# Dataset excerpt
⟨

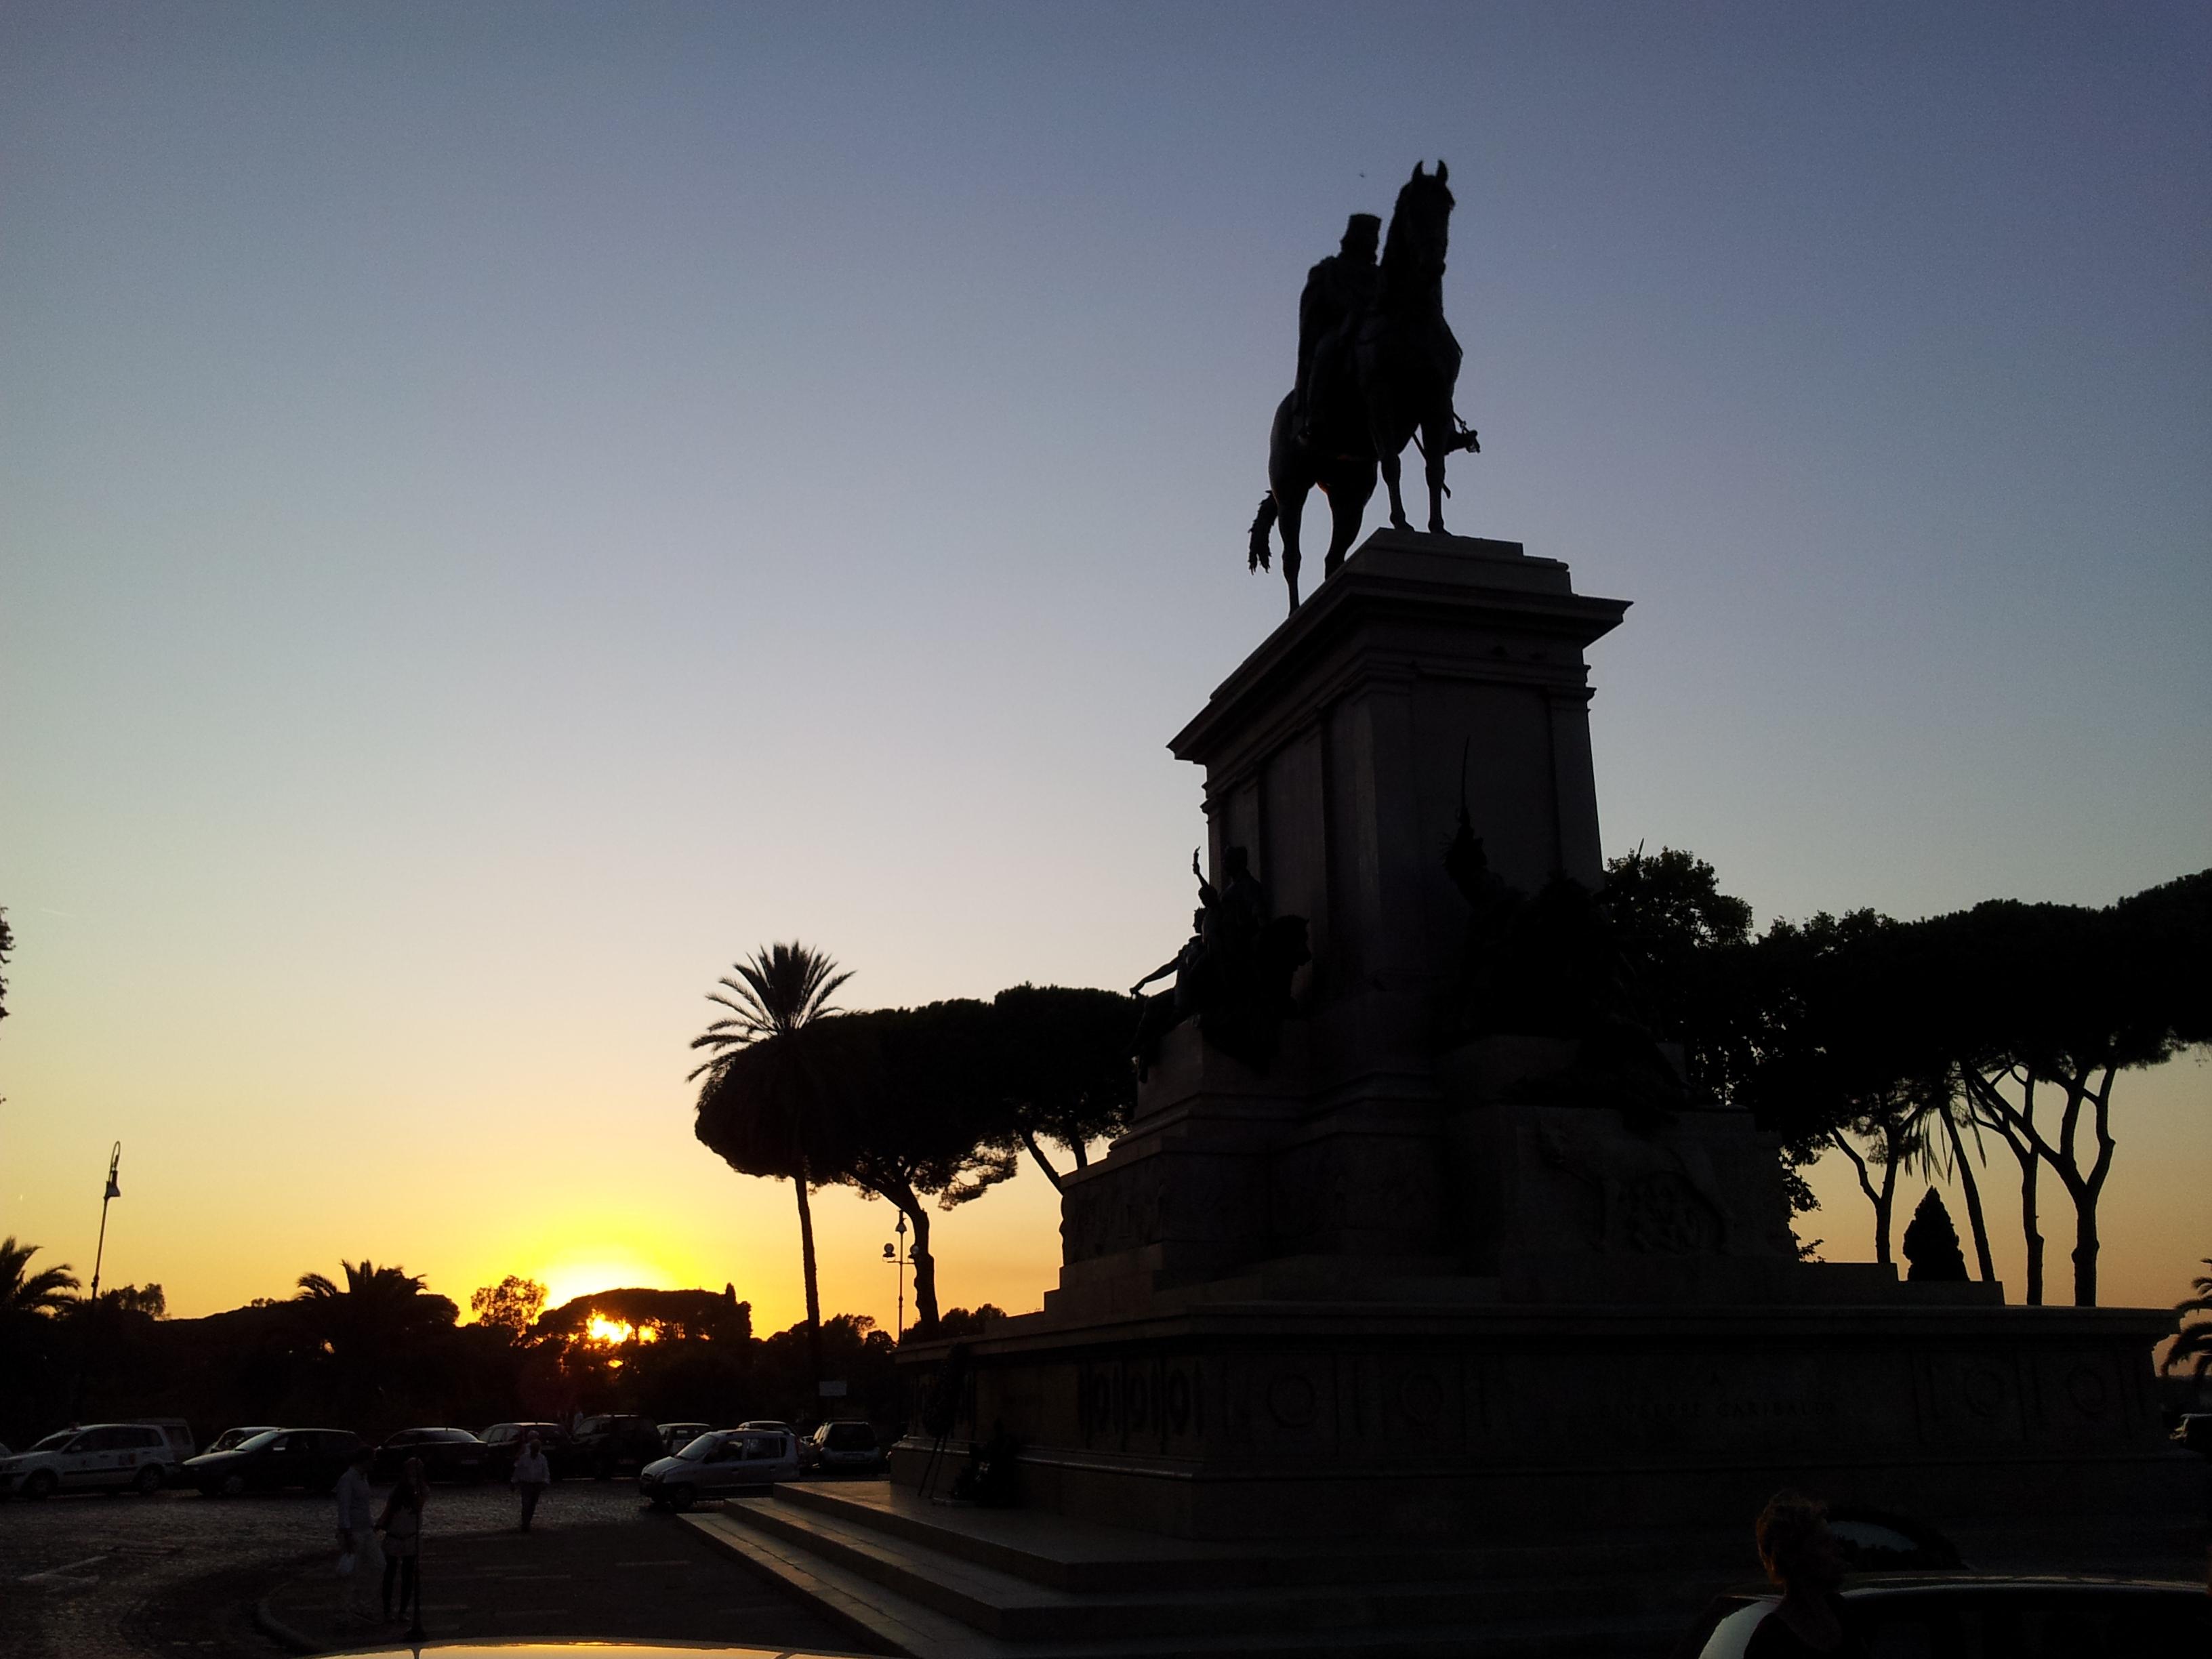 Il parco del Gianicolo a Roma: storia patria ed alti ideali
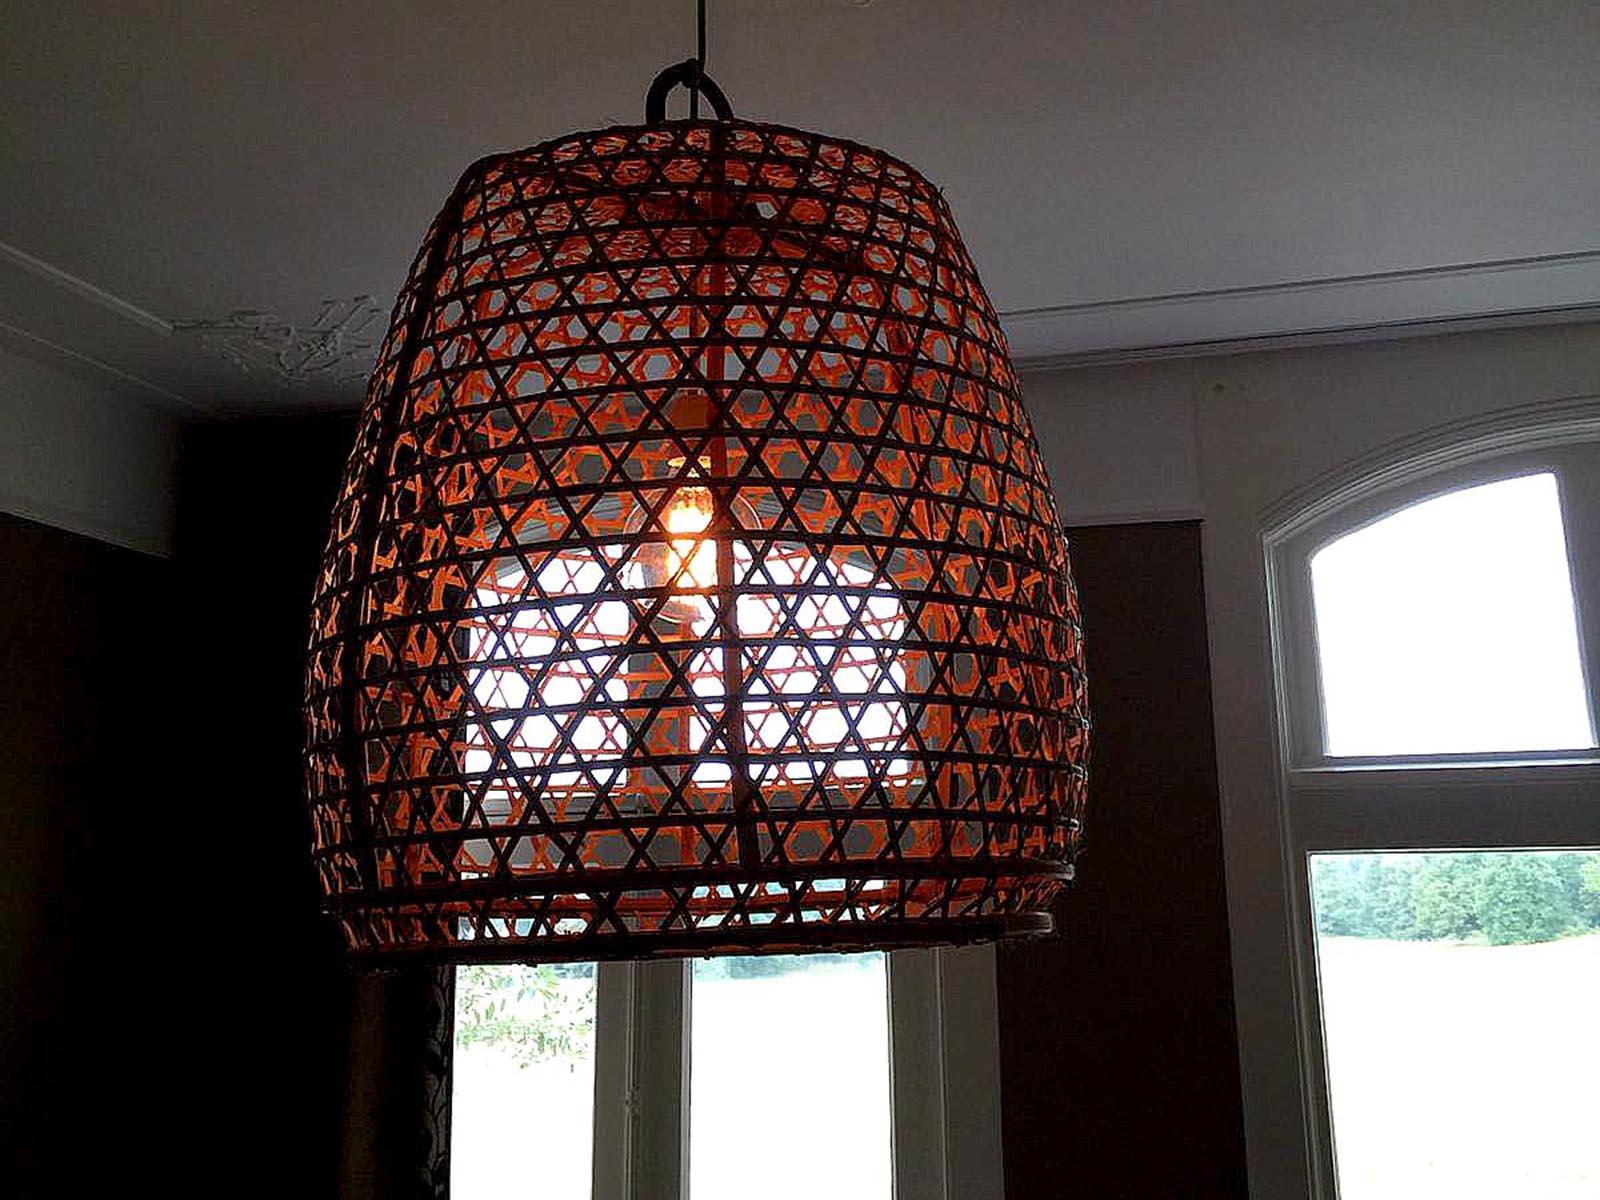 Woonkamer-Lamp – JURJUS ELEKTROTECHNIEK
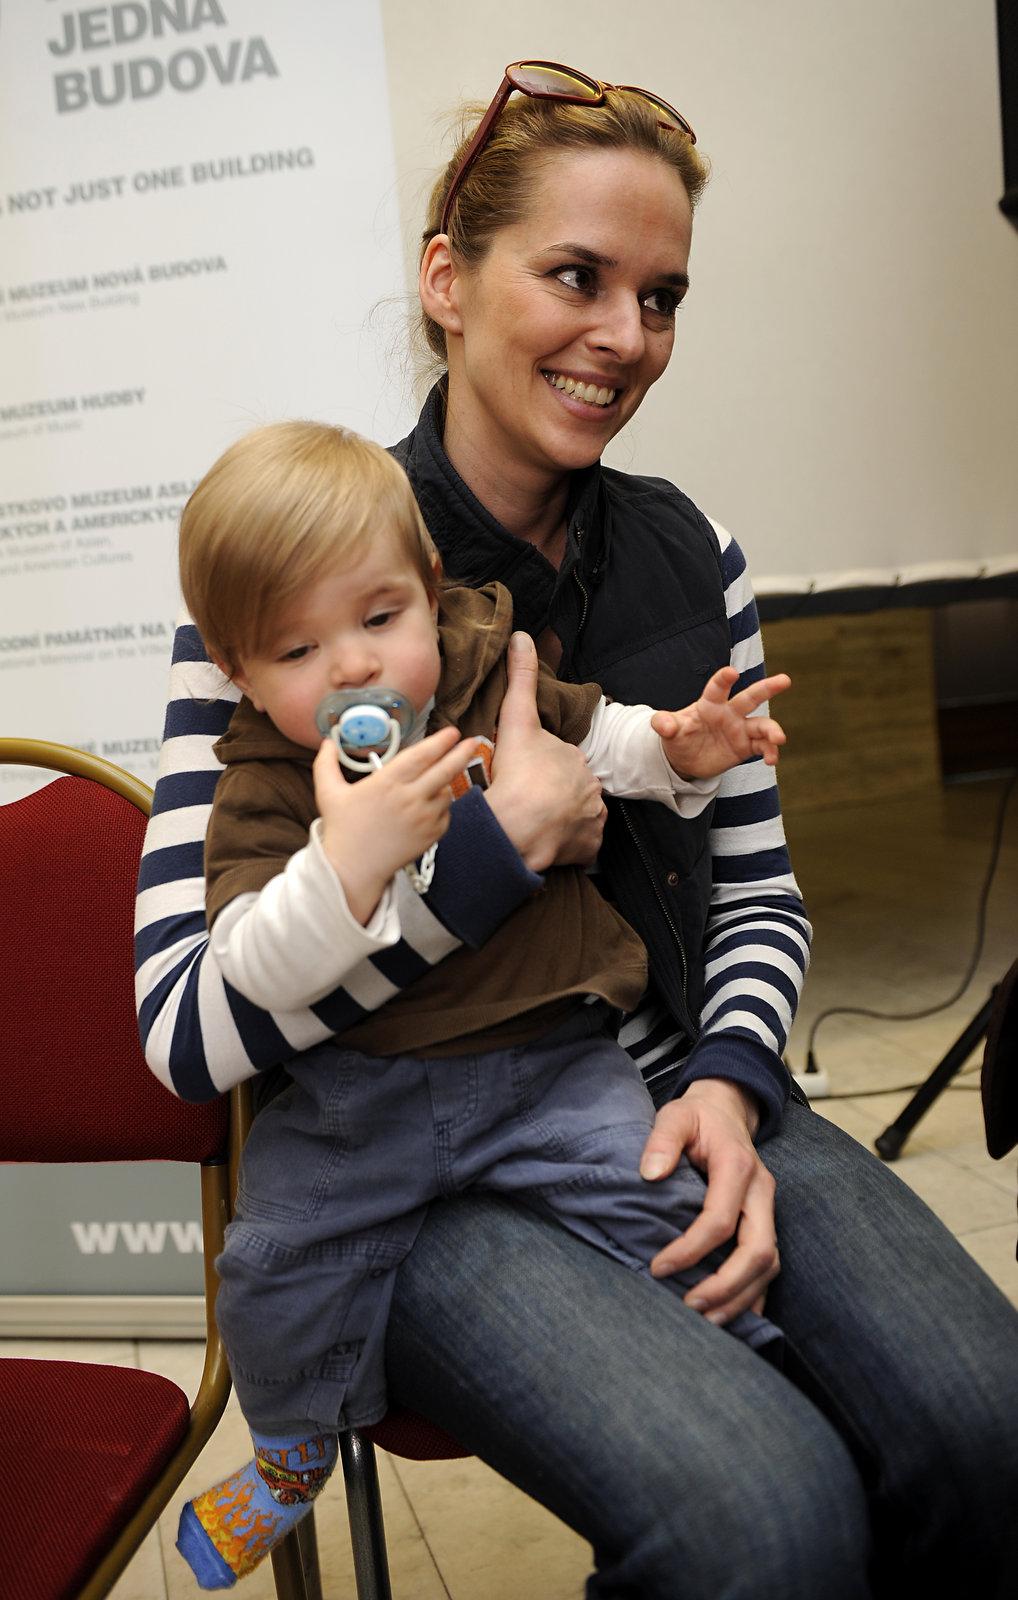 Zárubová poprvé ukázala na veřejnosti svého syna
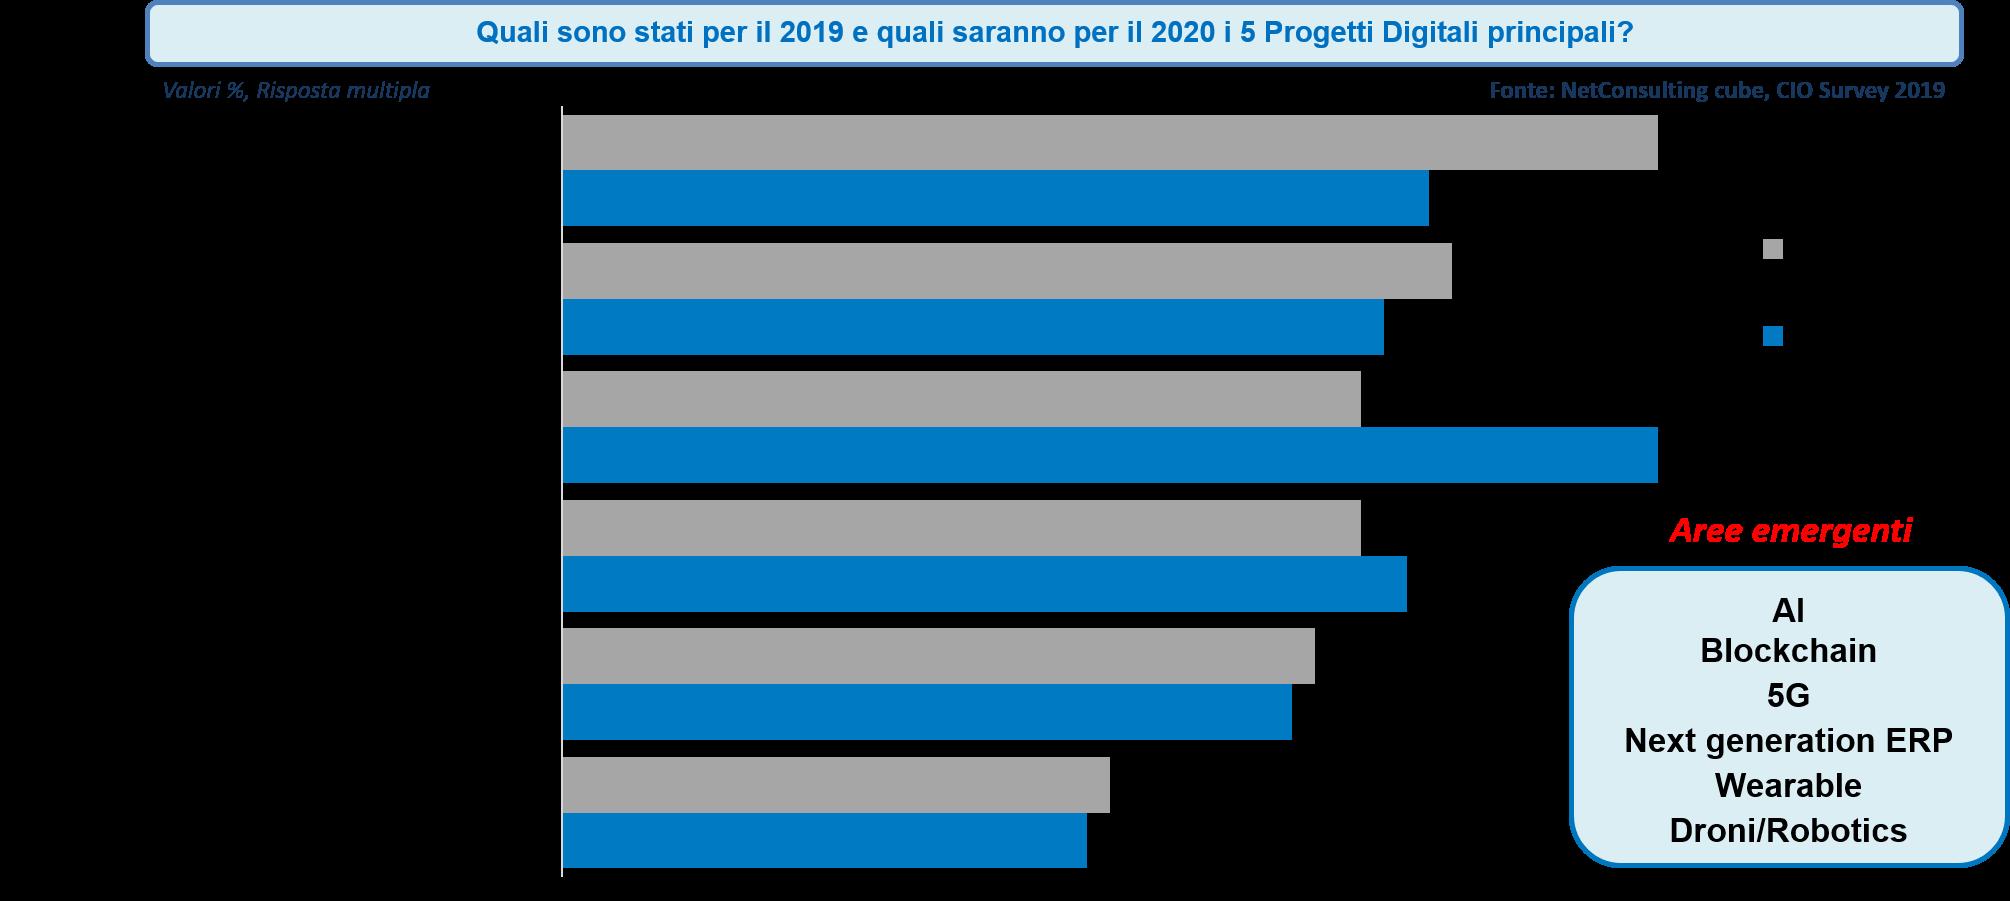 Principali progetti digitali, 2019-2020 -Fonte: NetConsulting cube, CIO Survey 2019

⟩

# What to produce
Pictures are not part of the answer, which must be the exact lines from the one holding "Zárubová poprvé ukázala" through the end of the material, both ends included.

# Result of this exercise
 Zárubová poprvé ukázala na veřejnosti svého syna
 Principali progetti digitali, 2019-2020 -Fonte: NetConsulting cube, CIO Survey 2019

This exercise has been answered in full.